I want to talk about today’s situation with the opioid crisis and fentanyl. As you see it, is it different and does it require different methods or newer methods of treatment?

Fentanyl is nothing more than heroin, but now it has a new name and more people are affected by it.

In my case, when I was going through my life changes, I didn’t have a support system. Now, we have this support system and the dollars are starting to come out.

But I think it has to do with the dollars that come out: who’s making the decisions, how they’re making the decisions, and are we looking at the Turning Points, the Hazeldens who have been there a long time to say they’re doing a good job . Lets use that protocol that they have so we can do better.

After 50 years of doing this in your career, what do you wish we were doing better now or that you hope we’re doing better at this point?

I want to see more Turning Points. We are the largest provider of services to African Americans, people of color, women and children in the five-state area. It shouldn’t be like that.
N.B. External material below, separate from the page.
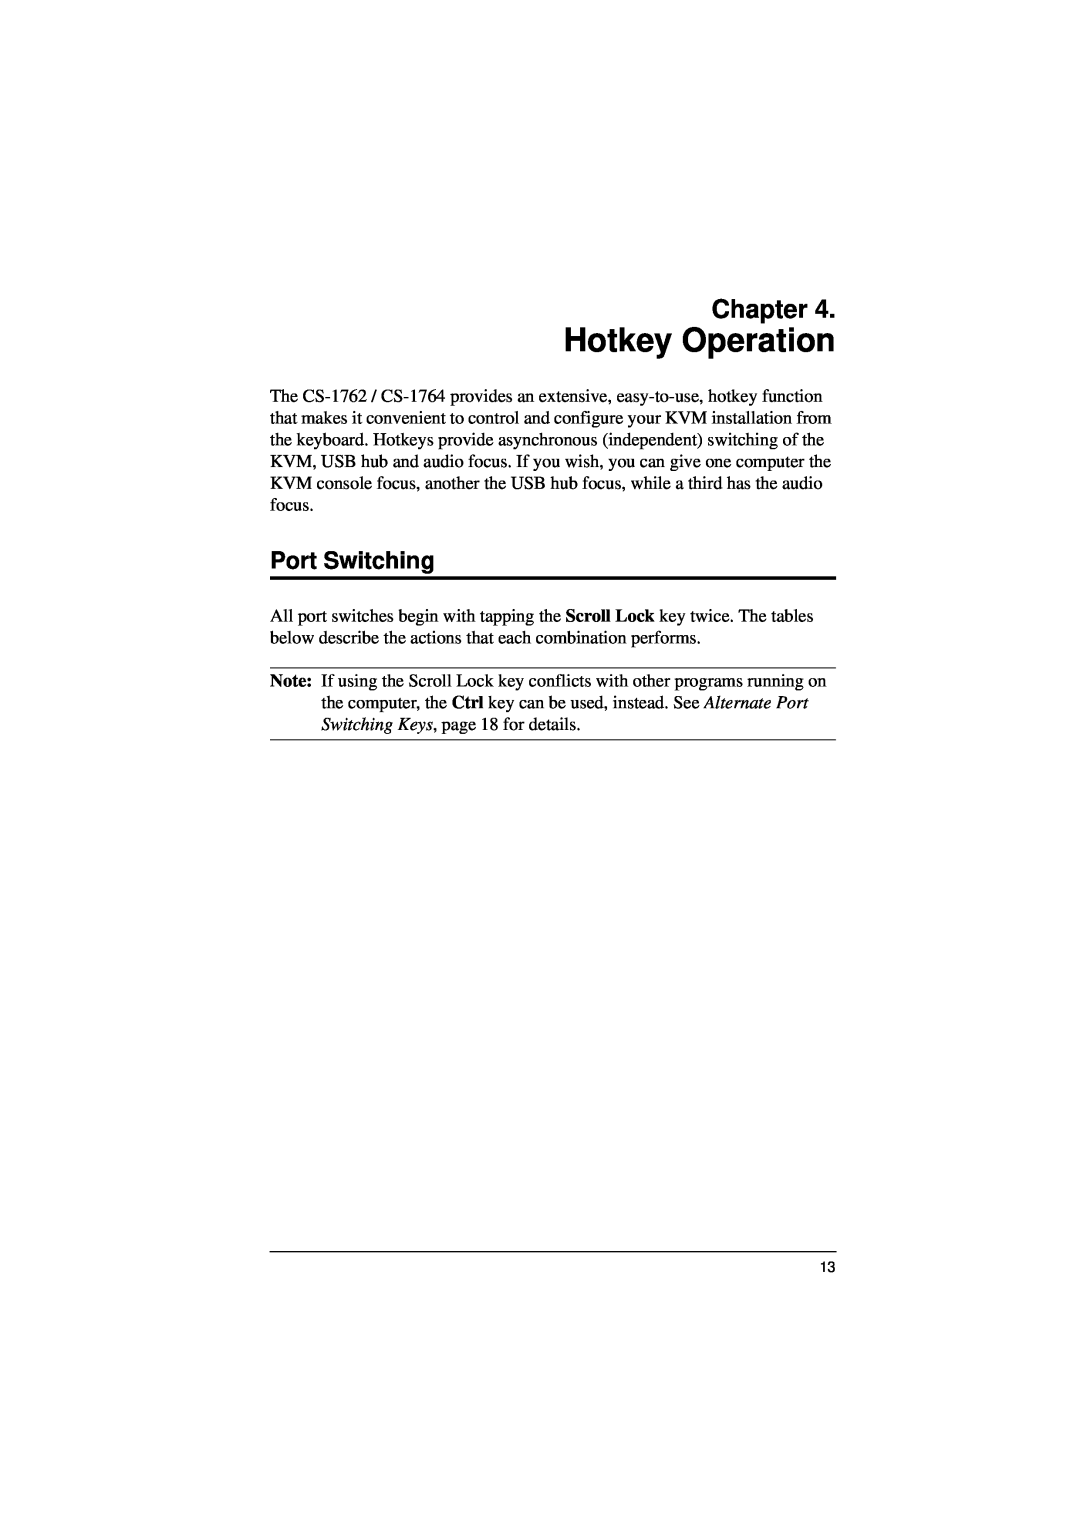 ATEN Technology CS-1762, CS-1764 user manual Hotkey Operation, Port Switching, Chapter 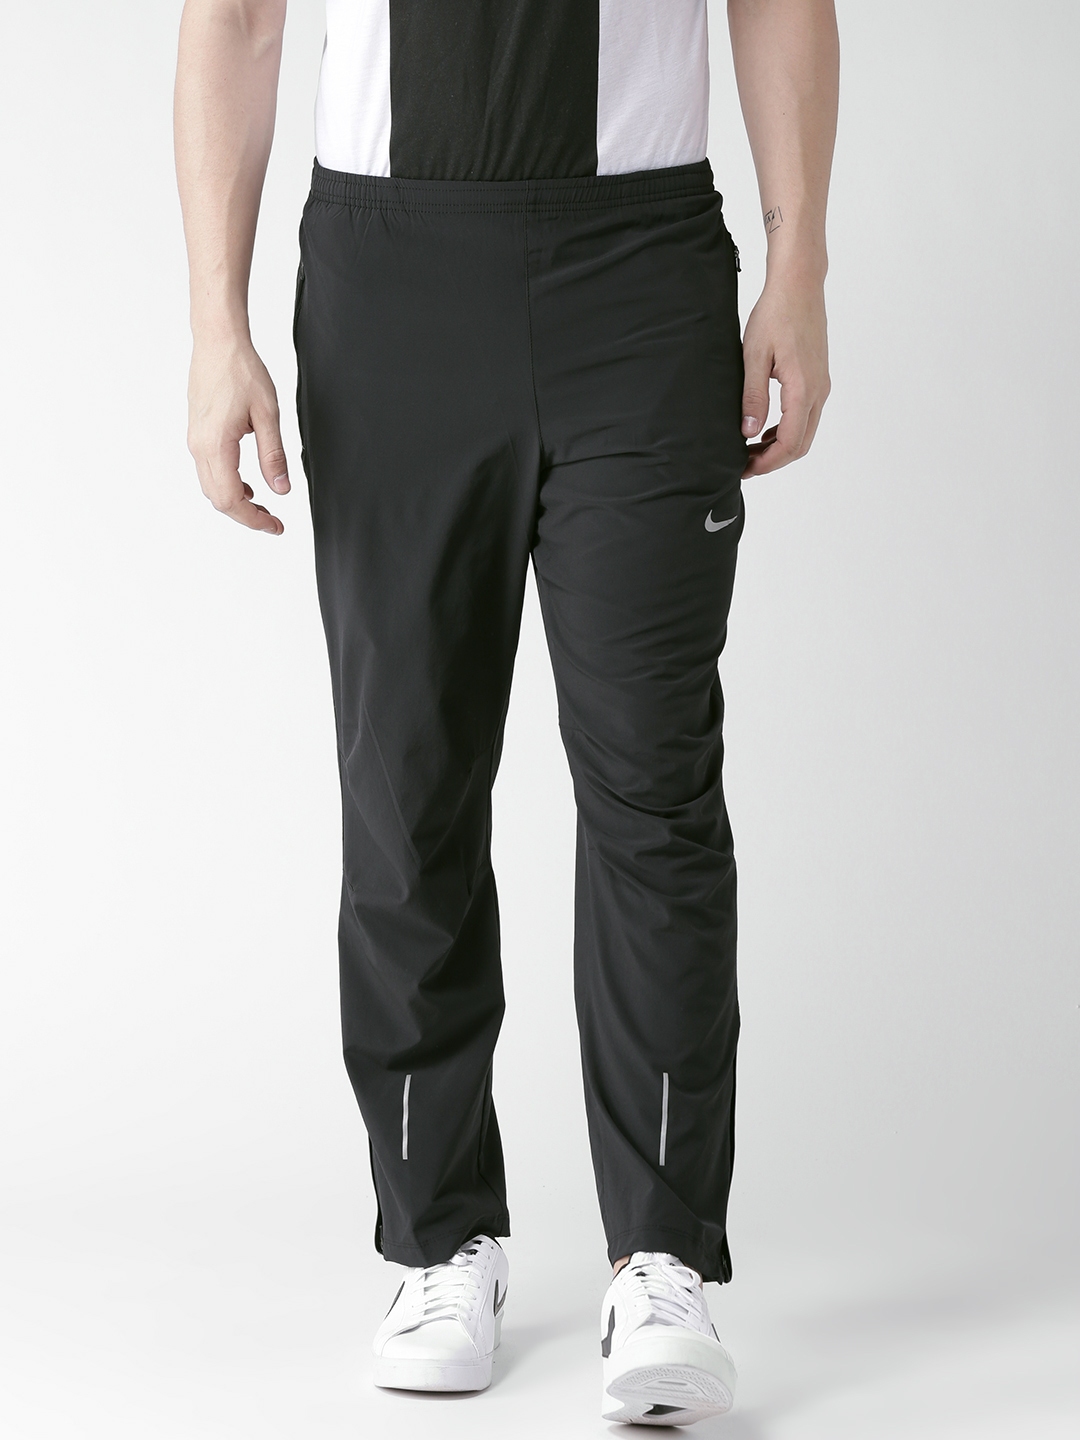 Nike Running Swoosh track pants in black  ASOS

I’m looking for more people who look like me. I’m looking for girls. I am looking for children to follow that path. So they understand that they can do it too.

And so that’s what I’m trying to do. And that is what I will do as I move into my next step as an ambassador for not only Turning Point but all treatment associations.

In an interview I recently read with Hazelden on the occasion of your 50 years of sobriety, you said, Recovery is not just a piece of me. This is my life, my lifestyle. Tell me more about that.

This is my life. My spiritual being is tied right there in my life. But because you have the opportunity to do something, there are some people who say, I will take it for myself, and I will make it bigger for myself, etc.

I choose to take my sobriety and share it. And that’s what I want to do. That is why I am comfortable in terms of leaving without leaving the Turning Point but moving to a different position.

We finally found the right person who can take over my office so I can continue to share. I am very lucky because I have been chosen by my higher power to lead this adventure.

As you step down as founder and CEO, what’s next for you? What do you want to see?

I want to see more people hear my voice. I’m African American and I don’t think they look at the positive side. They only look at the negative side. And so, I want people to feel more comfortable and give me and others like me a chance.

I can only tell you this: George Floyd is at the Turning Point. He did a good job. When he left, he did a good job. He went out of town, came back and those things started happening.

But I think sometimes people who look like me and other people feel like they have a knee on their neck. And if we can get that and not just do it for a year or two but make it a part of our lives, my life will not be in vain.